Further in accordance with a preferred embodiment of the present invention the fuel burner is a burner which principally produces heat.

Still, further in accordance with a preferred embodiment of the present invention the fuel burner is a burner which principally produces light.

Additionally in accordance with a preferred embodiment of the present invention the pressurizer includes a heat actuated gas flow generator.

Moreover in accordance with a preferred embodiment of the present invention the gas flow generator is operative to provide a flow of gas under pressure to the interior of the fuel container.

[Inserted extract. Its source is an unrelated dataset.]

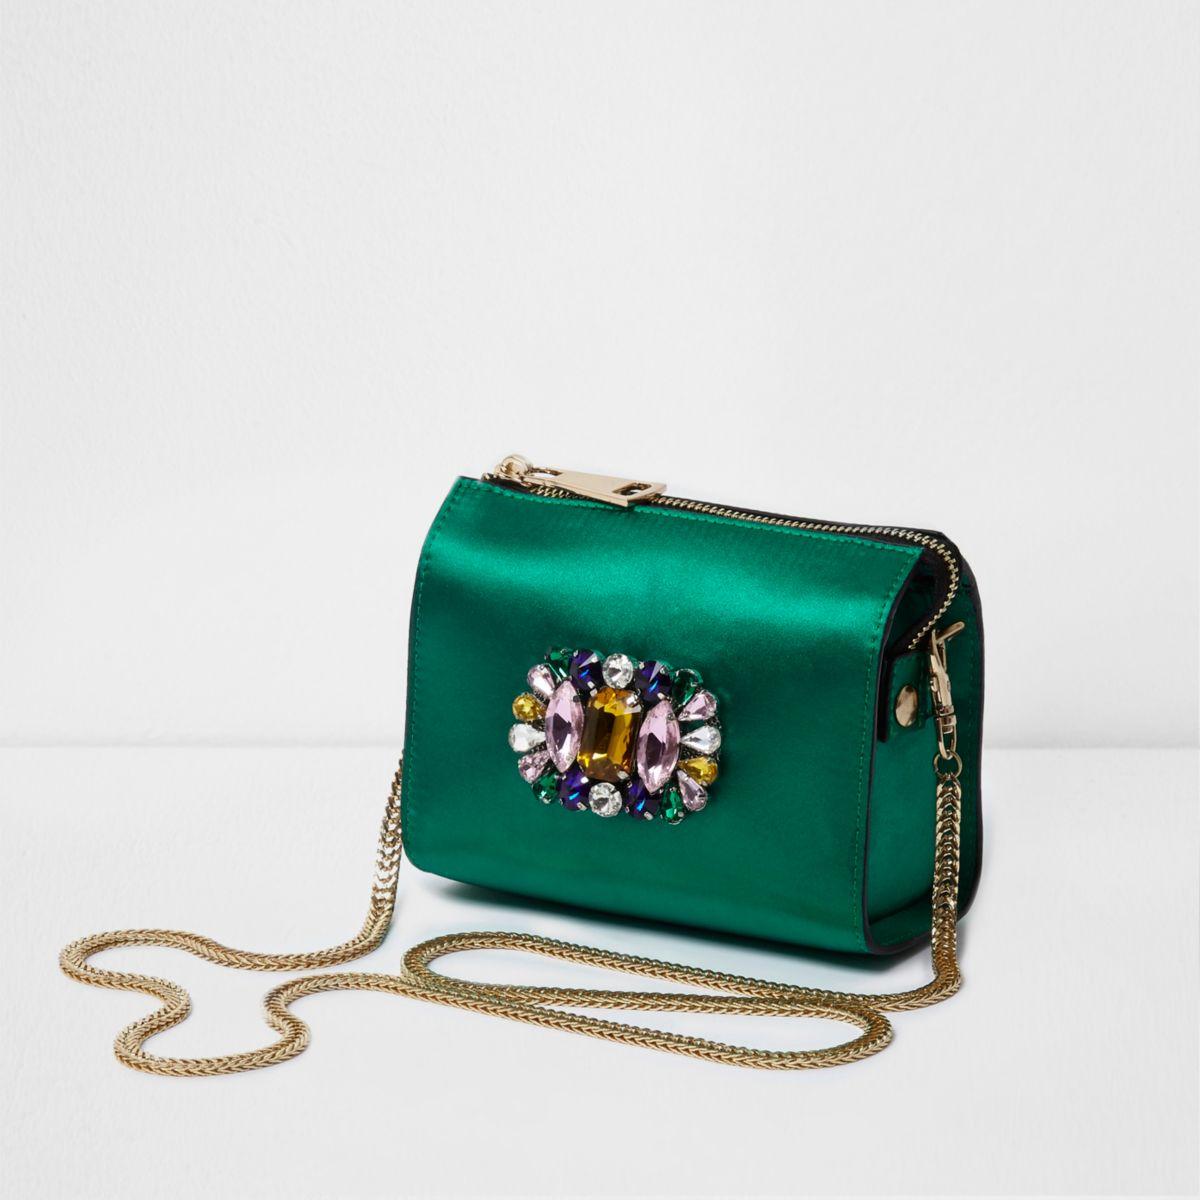 Green satin embellished chain cross body bag

Further in accordance with a preferred embodiment of the present invention the pressurizer also includes a one-way valve associated with the gas flow generator.

Still further in accordance with a preferred embodiment of the present invention the gas flow generator and the one-way valve associated therewith are operative to provide a flow of gas under pressure to the interior of the fuel container.

Additionally in accordance with a preferred embodiment of the present invention the pressurizer also includes an expandable gas container located at the interior of the fuel container and arranged to receive the flow of gas under pressure.

Moreover in accordance with a preferred embodiment of the present invention the pressurizer also includes a piston located at the interior of the fuel container and arranged to be displaced by pressurized gas supplied to one side thereof from the gas flow generator.

Further in. accordance with a preferred embodiment of the present invention the fuel container is formed of a plastic material.

Still further in accordance with a preferred embodiment of the present invention the heat actuated gas flow generator is disposed above the fuel burner.

Additionally in accordance with a preferred embodiment of the present invention the fluid fuel combustion apparatus also includes a gas pressure dissipation valve.

Moreover in accordance with a preferred embodiment of the present invention the gas pressure dissipation valve is automatically operated to prevent overpressurization of fuel in the fuel container.

Further in accordance with a preferred embodiment of the present invention the gas pressure dissipation valve is selectably operable upon termination of combustion of the fuel, thereby to maintain the fuel in the fuel container in a generally unpressured state when the combustion apparatus is not in use.

Still further in accordance with a preferred embodiment of the present invention the pressurizer includes a heat actuated gas pressure generator.

Additionally in accordance with a preferred embodiment of the present invention the gas flow generator is operative to provide a flow of gas under pressure to the interior of the fuel container.

Moreover in accordance with a preferred embodiment of the present invention the pressurizer also includes an expandable gas container located at the interior of the fuel container and arranged to receive said flow of gas under pressure.

Further in accordance with a preferred embodiment of the present invention the expandable gas container is at least partially filled with a vaporizable fluid.

Still further in accordance with a preferred embodiment of the present invention the vaporizable fluid comprises water.

There is also provided in accordance with another preferred embodiment -of the present invention a method for fuel combustion including providing a fuel container, burning fuel from the fuel container, and applying pressure to fuel in the container by combustion of fluid fuel.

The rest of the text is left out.